The off color ( green, black, brown) discoloration comes from the borax absorbing the oxides, but it's a slow process even when using an oxidizer as Hoke suggested. I tried that before I realized a second refining was needed to raise my quality. Had no luck at all, although the borax darkened. Seems it doesn't remove all of it, so the gold quality isn't improved enough to warrant the trouble. 

Harold


----------



## Ignatz61 (Sep 2, 2008)

I don't know if roundness is much of a concern when making gold shot, But if you needed nice round balls :lol: ( Jewelry) you could do it the way they used to make lead shot for guns.
They used a shot tower. It was like 200 feet tall, they would melt lead at the top and drip it down letting it free fall the entire 200 feet into a tub of water.
The lead would ball up due it's surface tension and cool enough that it would not flatten upon impact with the water.
A friend of mine used to do it from a platform lifted up on a forklift 20 feet I guess. They would get satisfactory results.
john


----------



## greentea (Sep 3, 2008)

I used to make a lot of gold shot and I made it by placing a couple of stainless steel casting flasks ( about 2 1/2" x 4" pipe sections) one on top of the other and turning the faucet on cold full blast so that the water would pour into the flasks and roiled up violently. Then I tillted the crucible slightly with the torch keeping the melt hot and slowly dribbled the gold into the roiling water. Seemed to work pretty well for me.


----------



## Harold_V (Sep 3, 2008)

greentea said:


> I tillted the crucible slightly with the torch keeping the melt hot and slowly dribbled the gold into the roiling water. Seemed to work pretty well for me.

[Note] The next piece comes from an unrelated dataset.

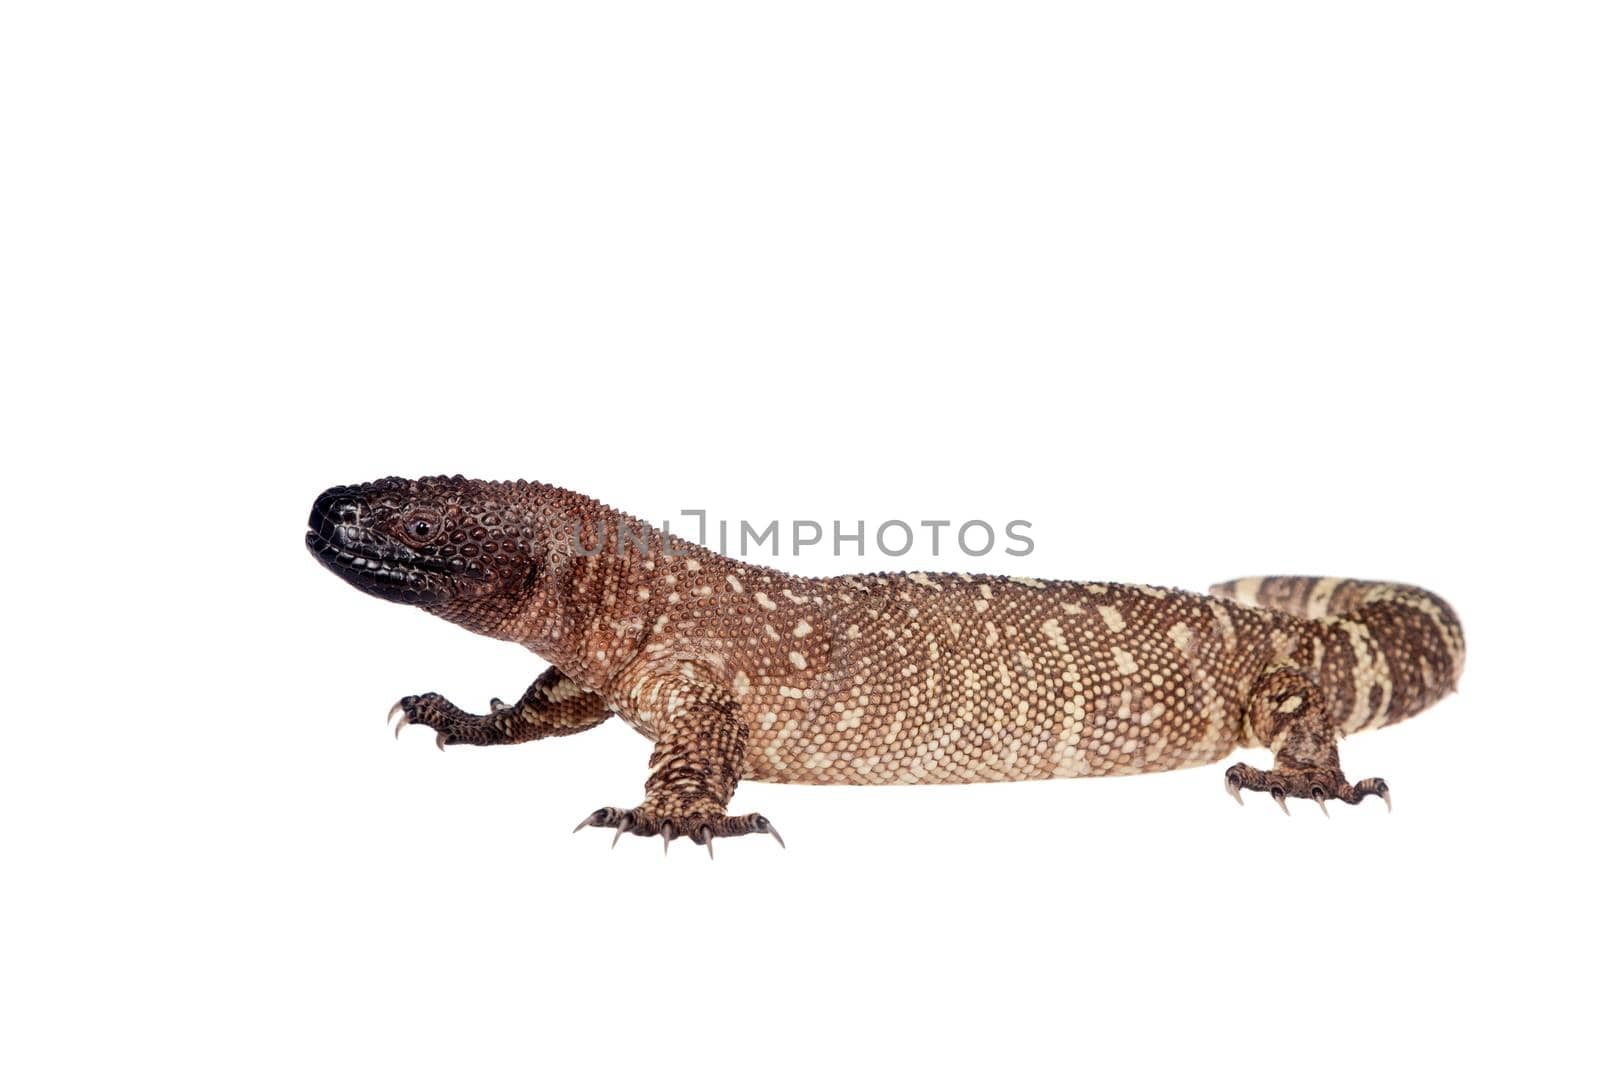 Venomous Beaded lizard, Heloderma horridum, isolated on white background

Did that process produce shot, or what I like to call cornflakes? Granulating the material, for me, wasn't a problem, but getting shot was. I had no success until I started following the advice to use an orifice. Didn't try what you recommend, however. I used to pour to a stainless container, deep, maybe 14". With the orifice, great results. 

Harold


----------



## greentea (Sep 3, 2008)

I guess I should try it again to make sure - it was a long time ago. If my memory serves me correctly, the shot was spherical. The water was really cold and moving furiously about trying to escape the inside of the flasks. I don't do any of that type of work anymore so maybe someone else can try it out if they want to.


----------



## goldsilverpro (Sep 3, 2008)

We made the shot commercially. We had a gas pot furnace with a hole cut in the bottom. The crucible, in the furnace, had several holes drilled in the bottom of it. I think we used a #56 drill bit. The furnace was elevated above a round stainless tank about 3' to 3.5' deep and 15" in diameter. A water inlet, fed by a pump and set at an angle in the bottom of the tank, allowed the water to swirl from the bottom up. The water then overflowed through an overflow hose to a tank and was recirculated through the pump. We put 1 or 2, 1000 oz bars in the crucible at one time. The shot was almost perfect spheres, between 1/8" and 3/16" in diameter. It was collected in a SS mesh basket, resting near the bottom of the tank.


----------



## Palladium (Aug 30, 2009)

8)


----------